By Lindsey D. Saunders. Full text here.
For purposes of federal diversity jurisdiction under 28 U.S.C. § 1332, a corporation is a citizen of both its state of incorporation and the state where it has its principal place of business. In adopting that provision, Congress provided very little guidance to the federal courts as to the method by which they should determine a corporation’s principal place of business. Rather, the federal courts of appeal apply three different tests to make that decision: the nerve center test, the corporate activities test, and the total activity test. This nonuniformity encourages forum-shopping at the federal level, breeds uncertainty, and, in many cases, serves to thwart Congress’s intent to generally limit federal jurisdiction.
The adoption of the Class Action Fairness Act of 2005, which makes it easier for corporate defendants to get into federal court, further complicates the situation. Although Congress intended for this Act to increase federal jurisdiction over class actions, certain of the principal place of business tests defeat that intent.

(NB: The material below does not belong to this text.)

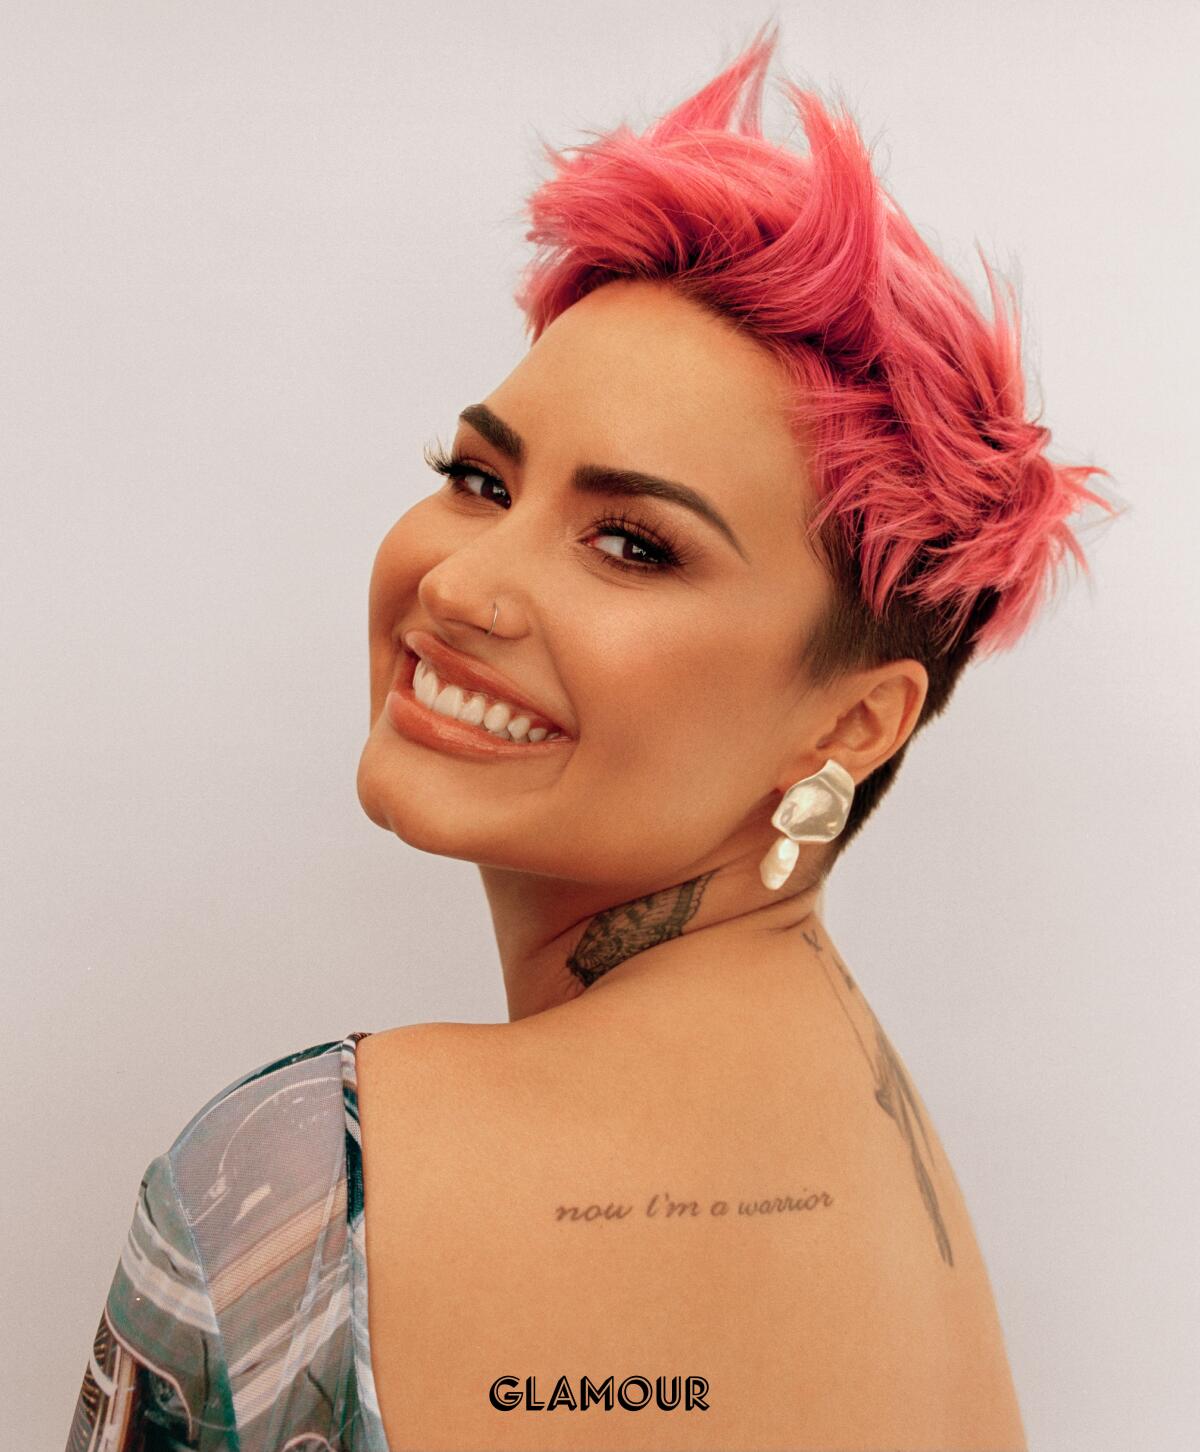 DEMI LOVATO TALKS SOBRIETY, SEXUALITY, AND SWITCHING GEARS FROM POP PRINCESS TO ROCK STAR

Moreover, there are now increased opportunities for plaintiffs, defendants, and their attorneys to shop around for the best forum, class of plaintiffs, or parties to sue.
In order to address the problems raised by the nonuniform application of § 1332, Congress or the Supreme Court should adopt a uniform test for determining a corporation’s principal place of business. This Note proposes a test based on the total activity test, which balances factors relating to a corporation’s managerial, production, and service activities. This test is well-suited to a modern business environment and will produce results in accordance with congressional intent.